How To Get Your Child To Eat Healthy

How to get your child to eat healthy

Many countries in the world are characterized by having an excellent, rich, varied and healthy diet. However, the majority of the inhabitants of the planet have changed a diet full of healthy foods, to include junk food as part of the usual family diet. The fact that a family eats healthy responds to a habit that lasts over time, which you must instill in your child through your example.

There are some tips you can follow if you want to get your child to eat healthy; one of them is that you must learn this good habit from the age of five to seven. From the age of ten, it will be a little more difficult to get him to change his habits when choosing his food.

It is recommended that they eat vegetables prepared in very different ways, so that they are discovering and trying different flavors associated with healthy food. Serving him the same bowl of broccoli every other day will only cause him to develop a rejection of the veggie. You can cook it for example one day with béchamel, another with cheese, then puree and so on so that they like it. The same happens with fruit, giving the same thing all the time for a snack or lunch can get boring or make you lose interest.

Sometimes children imitate their parents when it comes to eating, for example “Since my dad doesn’t like this fruit, neither do I. Mom is not going to tell me anything because he doesn’t eat it either ”, your children may think, that’s why you have to try to avoid assuming your tastes as his.

Eating healthy can be practical

If preparing something healthy takes a lot of time, then the most practical thing is to cook vegetables and legumes in large quantities to freeze and then give them their portion when it comes time. Healthy food, even if frozen, will always be better than resorting to fast food or junk food.
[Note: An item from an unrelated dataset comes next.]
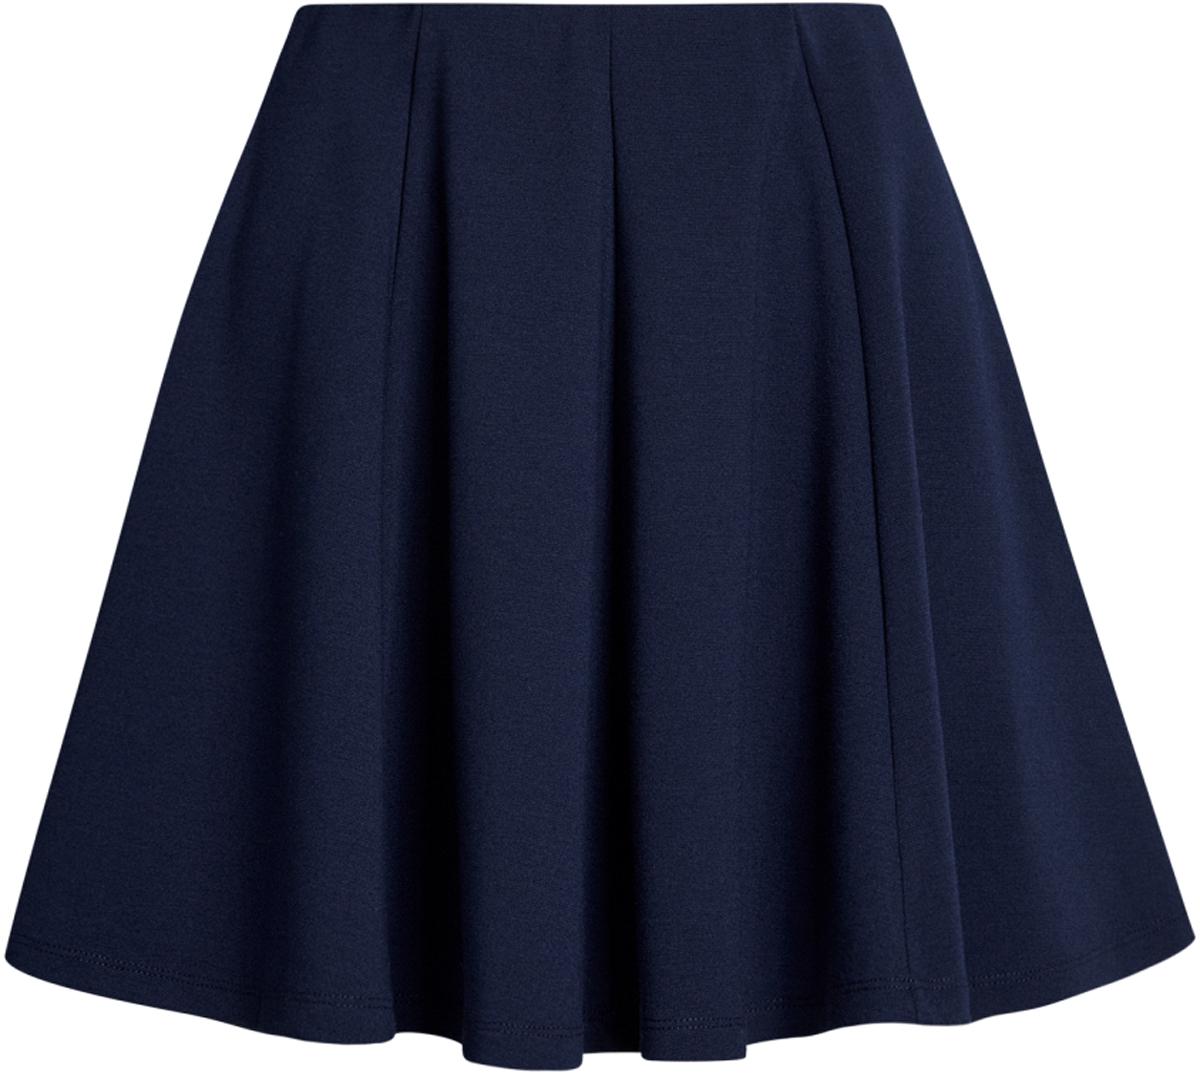 цены  Юбка женская oodji Ultra, цвет: темно-синий. 14102001B/38261/7900N. Размер L (48)

If the child does not like the food that is there that day, negotiate with him, you can ask him to eat less than the others. You will see that the family does like them and that it is normal and common to eat healthy. It does not matter that you eat little one day, because the good thing about this experience is that you will assimilate it as a good family habit.

Nutrition specialists recommend that foods rich in carbohydrates such as pasta, rice, bread, potatoes, among others, be present on the children’s menu on a daily basis. These must provide 55% of the total energy consumed by the child. Hydrates are essential not only for energy expenditure, but also for growth. That is why it must be the main group in the children’s diet, above proteins and fats.

Let’s not forget that when the child does not like something, it must be respected. It is not the same that you do not like artichokes than vegetables in general. In that case, the food becomes a whim and the whims are for special family situations. But, if one day he comes home and goes straight to the fridge to look for the chocolate shake that he likes so much, you can tell him that there is none there that day and instead offer him dark chocolate in bars, pickles or any other food as a reward. .

Healthy habits last over time

And do not forget that legumes are also very rich in nutrients. You can introduce them to them little by little, that will expand their menu, which is convenient because legumes should be eaten at least twice a week.

A healthy and simple food that children love is bread. To the extent that you know how to chew better, it should be introduced into some food. It is recommended that it be white bread, since whole wheat bread is not advisable before 7 years of age due to its irritating action on the digestive tract of infants.

Try to instill healthy habits in your child, try to explain what foods their food has and what they are good for. Cook some time with their help and take advantage of that moment to teach him the importance of eating healthy.

And eating healthy should always be something fun for the family, not a torture that involves consuming tasteless food, put a little imagination and variety in the way of preparing and presenting food; This can be achieved while still cooking healthy. Spice up the food and you will see how your child eats it all.